O Desembargador Queiroz mandou que o Capitão-mór dos Índios de São Lourenço, José Cardoso de Souza, também informasse, o que ele fez.

    "O que a Camara allega no seu requerimento é a mesma verdade e, por isso nas circumstancias de ser attendido no que requer, visto que é para bem publico. E o que posso informar a V. Ex. que mandará o que for justo" (Quartel de S. Lourenço dos Indios, 13 de Junho de 1824).


Ouvido o curador dos índios J. Gaspar Almeida, nada opôs, pelo que o Desembargador Ouvidor Geral e Corregedor da Comarca e conservador dos ditos Índios mandou que a Câmara procedesse de acordo com as informações.

Daí iniciou-se a série de litígios entre o Conselho, os parentes e herdeiros de Gabriel Alves Carneiro, que prolongou-se até 1846 quando este - mesmo obtendo vitória na justiça - desistiu, fazendo renúncia das terras das duas praças sem indenização, além da oferta de 2 contos de réis para construção de um cais (calçamento) fronteiro a elas. Ainda estes cais em terrenos fronteiros à antiga Praça do Mercado, deram lugar a novo litígio que juridicamente... não terminou.

Em 1825 já a Câmara tinha protestado contra o esbulho que se fazia da terras dos Índios onde ela edificava a cidade, e isto em termos veementes perante à Assembleia e depois perante Pedro I, como se vai ver:

    "Primeiramente parece rasoavel que sendo esta villa assentada na planicie que se prolonga pela praia fronteira a Corte entre os montes de Gragoatá, de D. Helena, do Capitão-mor Gabriel Alves Carneiro, da Pedreira da Armação, e estando este terreno compreendido e a sesmaria dada a Martins Affonso, Capitão-mor dos Índios que o acompanharam a esta Corte em auxílio contra os francezes e para depois seus sucessores possuíram-na sem apoderem-se alienar a qualquer sesmaria consta de légua de testada das Barreiras vermelhas contíguas à fortaleza de Boa Viagem e vai acabar adiante da horta de Stas. Anna e fazendo-se o Brigadeiro Manoel Álvares da Fonseca Costa ser hoje dono da mencionada planicie por uma nula compra feita a possuidores de má fé, em duas porções; a 1ª por 600$000 rs. e a 2ª por 700$000 rs. esta até o presentem passando arrendamento por 9 anos a 40rs. por braça quadrada com laudemio (coisa impraticavel segundo a nossa legislação) e com outras clausulas onerosas que desanimam o povo edificar a villa".

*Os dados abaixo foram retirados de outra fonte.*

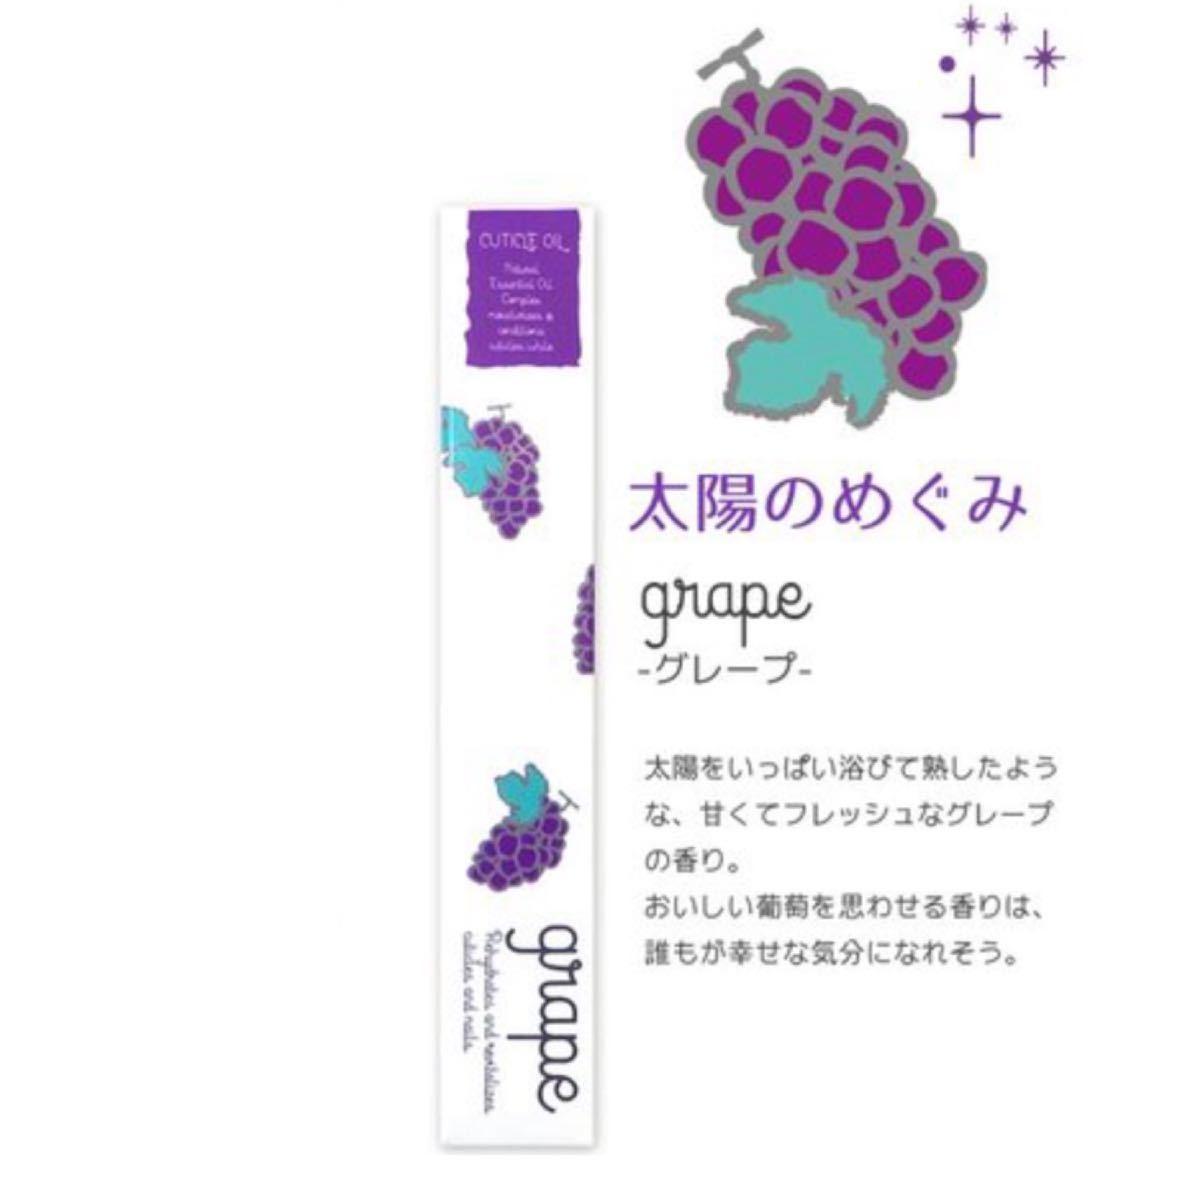 キューティクルオイル☆グレープ&ピーチ

Este protesto longo explana todos os processos que Gabriel Carneiro e o brigadeiro Álvares da Fonseca praticaram (V. Cartorio do 3º e 2º officio). O certo é que foram eles os maiores doadores ao patrimônio da vila, de terrenos que, para a Câmara Municipal, legalmente não lhes pertenciam.

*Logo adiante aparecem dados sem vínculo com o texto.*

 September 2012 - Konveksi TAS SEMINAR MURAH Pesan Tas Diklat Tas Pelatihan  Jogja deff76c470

Durante todo esse tempo, o terreno original foi sendo utilizado como servidão pública, enquanto aguardava a finalização do processo. Abriram-se ruas, construíram-se casas diminuindo consideravelmente as dimensões do terreno original da antiga proprietária, o Campo de Dona Helena.

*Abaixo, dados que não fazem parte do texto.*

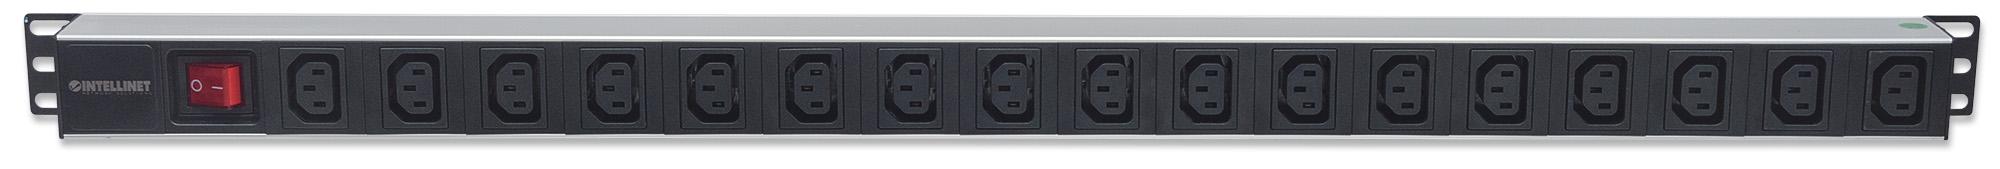 Vertical Rackmount 17-Output C13 Power Distribution Unit (PDU)

Aproximadamente em 1840, o Capitão-mór Gabriel Alves Carneiro autorizou a construção de um trecho de casas entre esses dois largos, denominada de travessa do Pelourinho atual Travessa Alberto Victor e antigo Beco da Tapioca.

Fim do Litígio

Temos, por vezes, nos referindo ao quase secular litígio que se estabeleceu entre os herdeiros de Dona Helena, a Câmara e a Província, tendo por origem as terras do Largo da Memória. Este litígio em parte foi terminado por uma conciliação que se vai ver dos dois documentos dirigidos ao Capitão-mor Gabriel Alves Carneiro e adiante exibidos, mas, anos depois, renovou-se sobre a porção do terreno que, pertencente ao mesmo Campo, limitava-se com a praia a praça do antigo Mercado.

    "Havendo Vossa mercê offerecido espontaneamente á Camara Municipal desta Imperial Cidade não só os terrenos em que estão situadas as praças da Memoria e a do Capim, com 3.858 braças quadradas, como as custas do processo que intentara contra ella, importando em mais de sete contos de réis, para coadjuvar a construcção do caes da praça de Martim Affonso, e tendo já sido presentes a este Governo os traslados dos respectivos autos, dos quaes se mostra estarem satisfeitas todas as formalidades e a Provincia e a Camara Municipal de posse dos objectos doados: cumpre-me agradecer a Vossa Mercê esta prova de seu patriotismo e reconhecido interesse pelos melhoramentos desta Capital. Deus guarde a Vossa Mercê. - Palacio do Governo da Província do Rio de Janeiro, 29 de Abril de 1846. (Assignado) Aureliano de Souza Oliveira Coutinho."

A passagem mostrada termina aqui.